2. The degree of coffee quenching: the deeper the Crema, the more dissolved matter enters the cup.

3. Uniformity of coffee quenching: the more stable the Crema, the better and stronger the coffee we make, which means that there are fewer gaps in the coffee powder and fewer mistakes in the production process.

What Crema can't tell us:

1. Whether the coffee is good or not: as long as it is fresh enough, no matter how bad the beans are, no matter how bad the roast can produce rich crema.

2. The oil in coffee is properly emulsified: for a long time, many people, including I thought, Crema told us the degree of quenching of oil in coffee, but the theory tells us that more oil, less foam. If you try making espresso with 5-6bar pressure, you will find that you can still make a lot of crema, but the coffee tastes very insipid because of lack of oil and aroma.

Crema, it's not complicated at all.

The production of Espresso and crema is often complicated, far more than is actually needed. Crema is a very simple part of the whole espresso production process. (the author has made some concluding remarks below.
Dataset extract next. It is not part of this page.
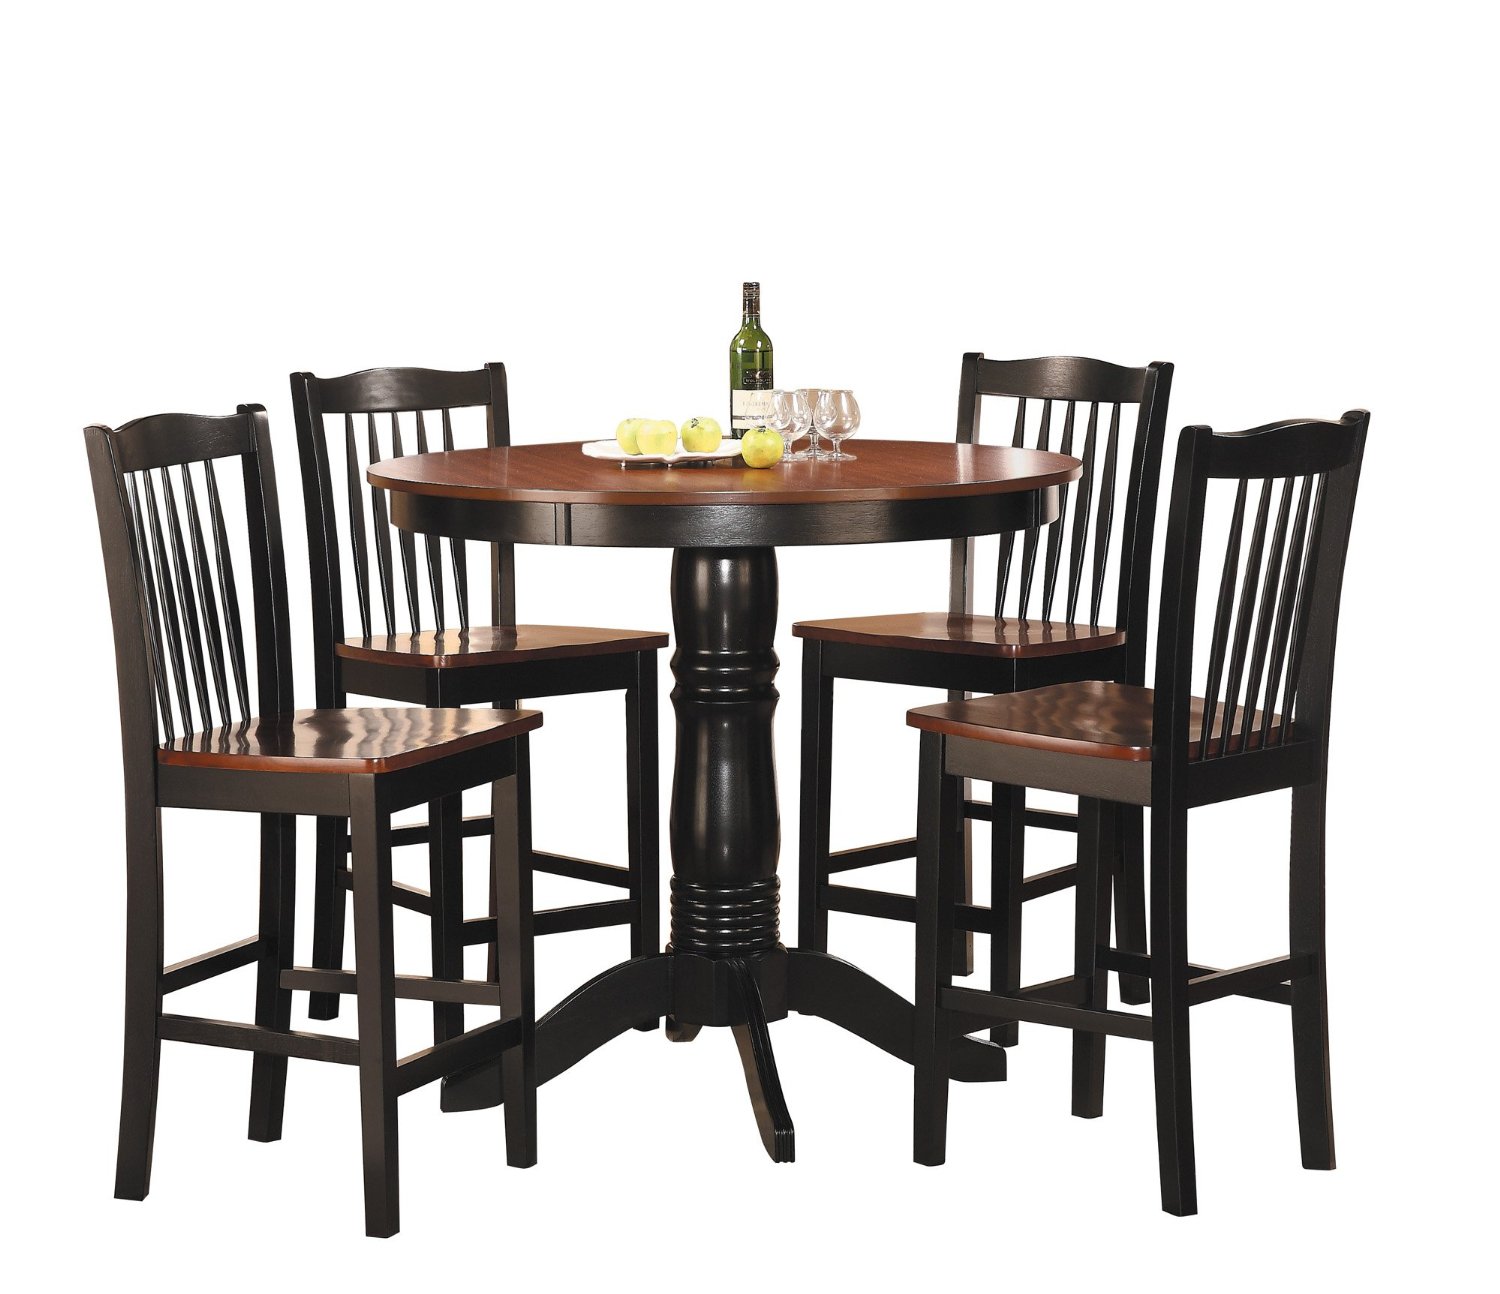 Awesome kitchen table sets under 500 you should have

I will not translate them one by one and summarize them directly.)

Espresso has three main elements, one is water, the second is oily, and the third is foam. While the espresso body is gelatinous (the legendary soy sauce paste), the oil in the coffee is emulsified by hot water at high temperature and high pressure to form a colloid, which is extremely stable. The foam on the surface of espresso disappears very quickly compared to the colloid.

After eliminating the mysterious aura shrouded in Crema, Crema is still a great pleasure of espresso. Its honeycomb structure stores a lot of aromatic substances, releases a large amount of fragrance when the structure disintegrates, and brings enjoyment to our vision and smell at the same time.